Milo vs. Salanga 152 SCRA 113 Facts: On Aril 21, 1973, accused Juan Tuvera Sr., , a barrio captain, with the aid of some other private persons, namely Juan Tuvera Jr., Bertillo Bataoil and one Dianong, maltreated one Armando Valdez by hitting with butts of their guns and fist blows and immediately thereafter, without legal grounds, accused Juan Tuvera Sr., Cpl. Tomas Mendoza and Pat. Rodolfo Mangsat, members of the police force of Mangsat, Pangasinan conspiring, confederating and helping one another, did then and there willfully, unlawfully and feloniously lodge and lock said Amado Valdez inside the municipal jail of Manaoag, Pangasinan for about eleven hours. An information for Arbitrary Detention was then filed by the Assistant Provincial Fiscal against Juan Tuvera Sr., Tomas Mendoza and Rodolfo Mangsat in the Court of First Instance of Pangasinan. Accused Tuvera filed a motion to quash the information contending that he can not be charged with arbitrary detention for he is not a public officer. The respondent Judge Salanga then granted the motion to quash. Thus this petition. Issue: Whether of not the accused barrio captain Tuvera, is a public officer who may be charged with Arbitrary Detention

Held: The Supreme Court Held that Arbitrary Detention is committed by a public officer who, without legal grounds, detains a person. The elements of this crime are that the offender is a public office, that he detains a person, and that the detention is without legal grounds. The public officers liable for Arbitrary Detention must be vested with authority to detain or order to detention of persons accused of a crime. Such public officers are policemen and other agents of the law, the judges or mayors. Long before P.D. 229 was signed into law, barrio lieutenants, now barangay captains were recognized as persons in authority. Thus, barrio captain Tuvera, being a public officer may he held liable for Arbitrary Detention.

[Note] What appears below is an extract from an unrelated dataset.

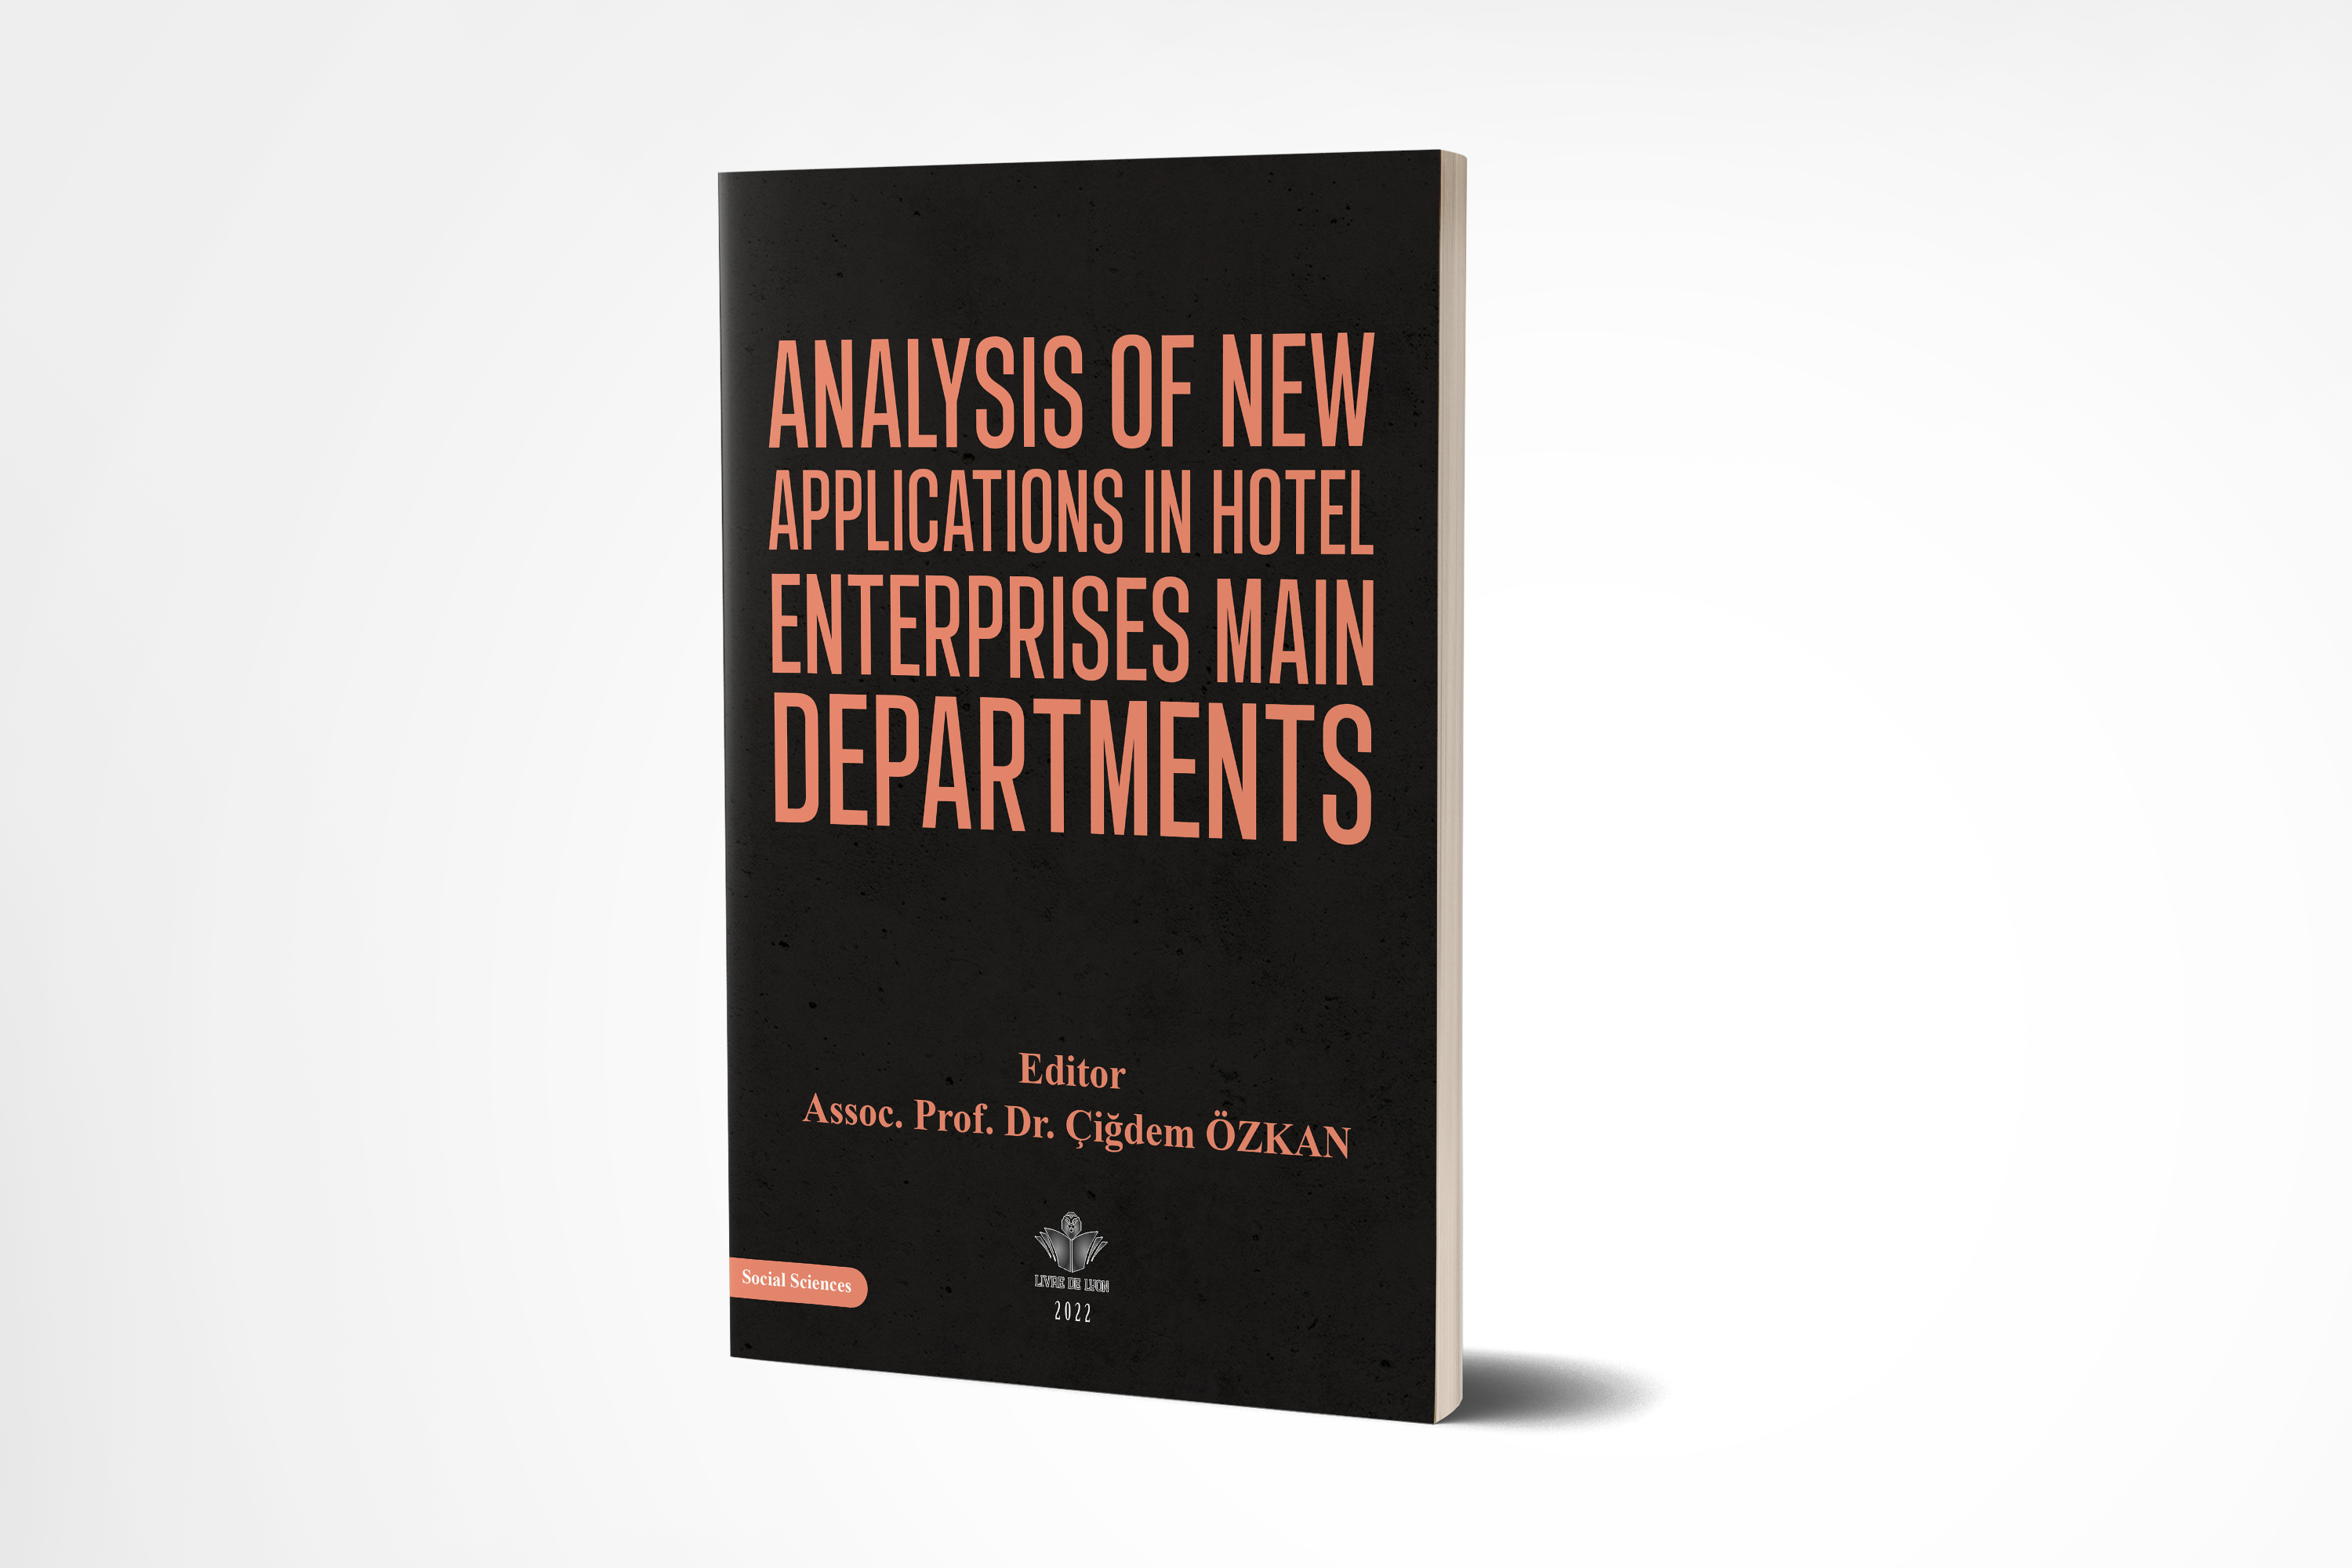 Analysis of New Applications in Hotel Enterprises Main Departments
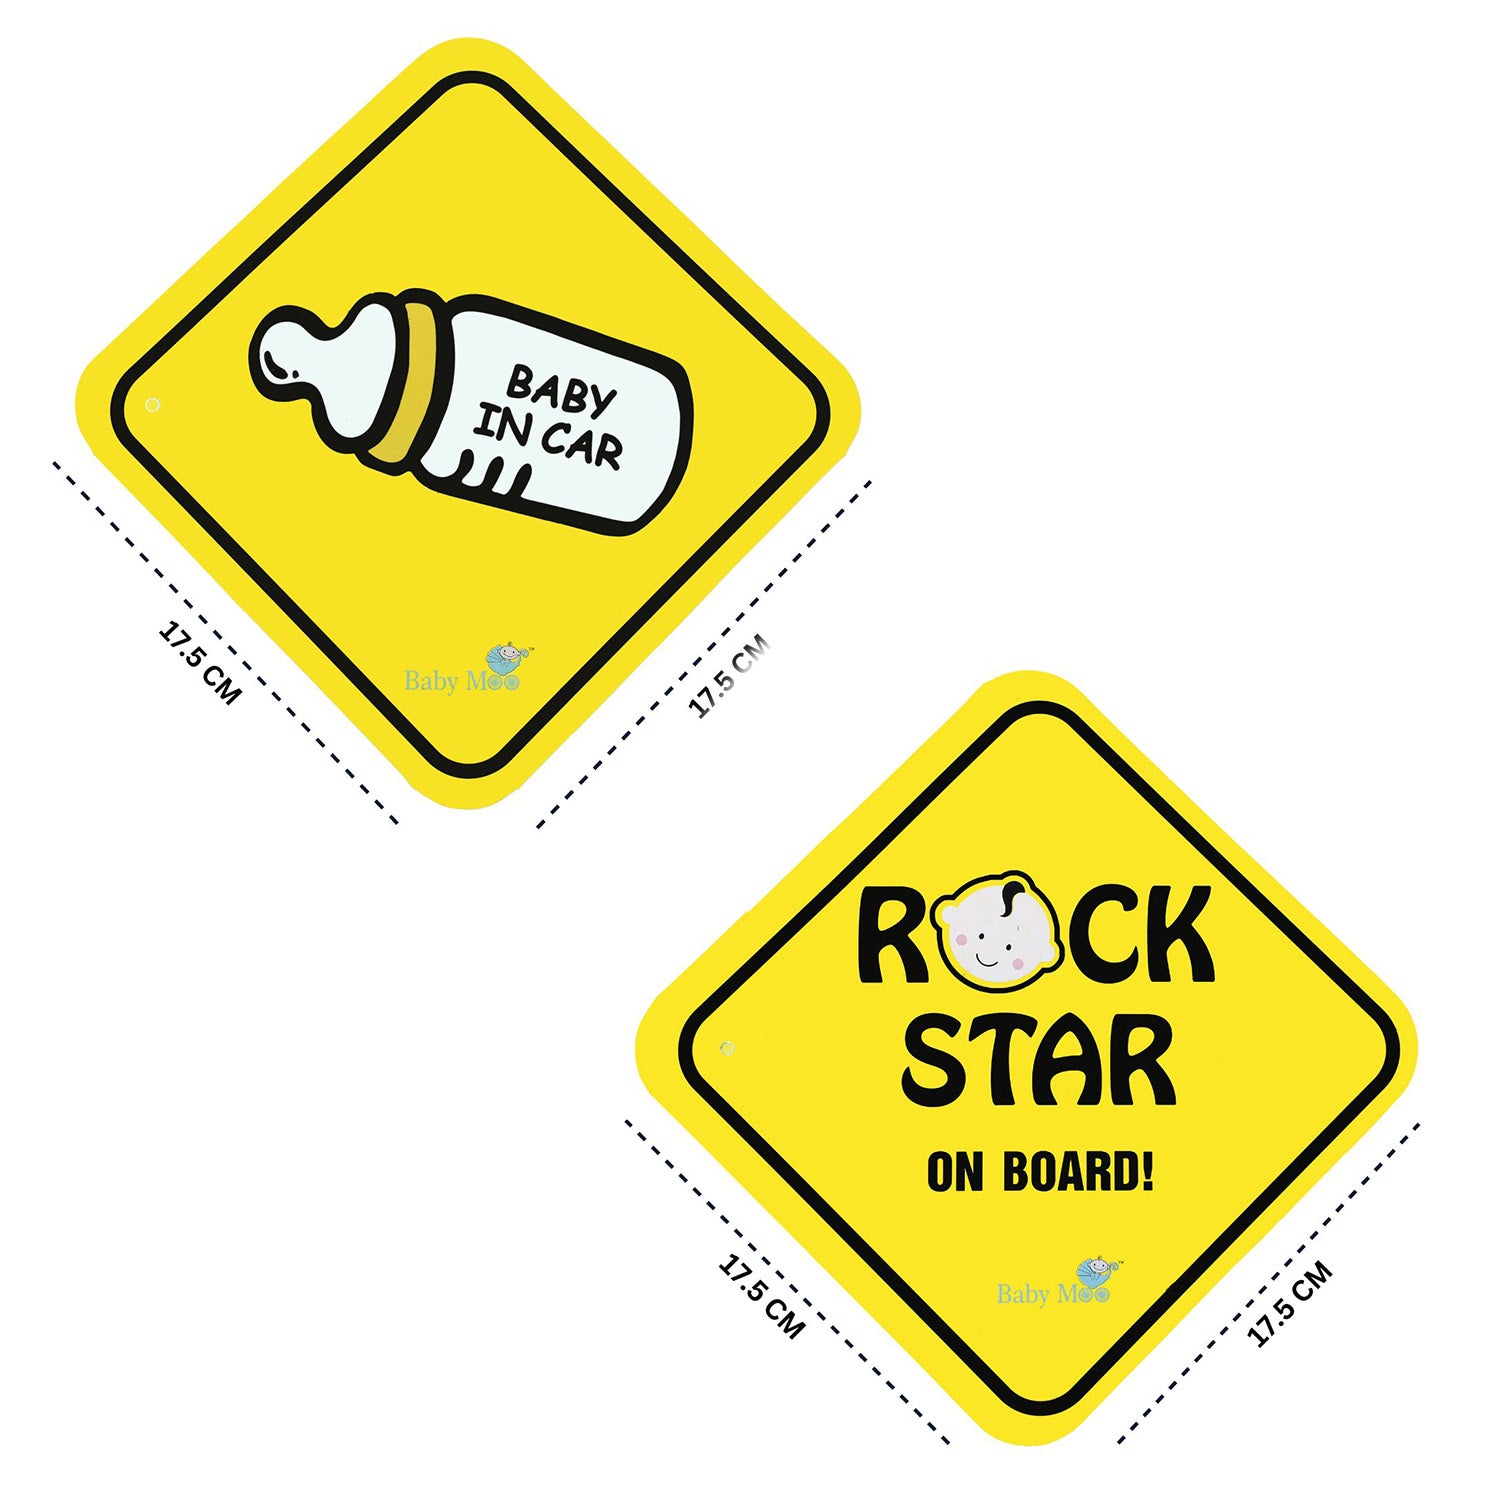 Baby Moo Car Safety Sign Rockstar Baby On Board With Suction Cup Clip 2 Pack - Yellow - Baby Moo

People vs. Gatang-o 168 SCRA 717 Facts: On May 30, 1984, a civilian informer informed Pat. Celestino de la Cruz of the Narcotics Units of the Angeles City that three igorots were arriving in Angeles City that evening to well twelve kilograms of marijuana to interested buyers. The information was then relayed to the station commander and they prepared an entrapment operation for the suspects with Sgt. Raquidan acting as poseur buyer. At around 12:30 in the morning of May 31, 1984, the civilian informer accompanied by the suspects went to the Deangs Marketing Store. The civilian informer introduced the suspects the poseur buyer Sgt. Raquidan and after some negotiations, raquidan agreed to purchase marijuana from Baracbar. Thereafter, the two suspects handed over Raquidan a plastic bag containing one kilogram of marijuana. Upon ascertaining the contents of the plastic bag, Raquidan gave the signal to the other policemen by putting his hand on his head. The policeman then approached the suspects, introduced themselves as police officers and arrested them. They were brought to the police station for investigation and thereafter, they were detained at the Angeles City Jail. An information was then filed by the Second City Assistant Fiscal of Angeles charging the accused for violation of Sec.14 Art ii of the Dangerous Drugs Act of 1972. After the arraignment and trial, the accused was found guilty. Hence this appeal. Issue: Whether or not the arrest of the accused is valid Held: Entrapment is a way and means resorted to for the purpose of capturing the lawbreaker in flagrante delicto. The idea to commit the crime originated from the accused. Nobody induces or prods him into committing the offense. Sgt. Raquidan went trough the motion as a buyer and his offer was accepted by the appealants who produced and delivered marijuana. There was no need to hand in marked money to the appellants in payment thereof since the crime is consummated by the delivery of the goods. The examination of the contents of the plastic bag that was taken from the accused proved to contain marijuana. They were caught in the act of selling marijuana to Raquidan, hence the arrest is valid.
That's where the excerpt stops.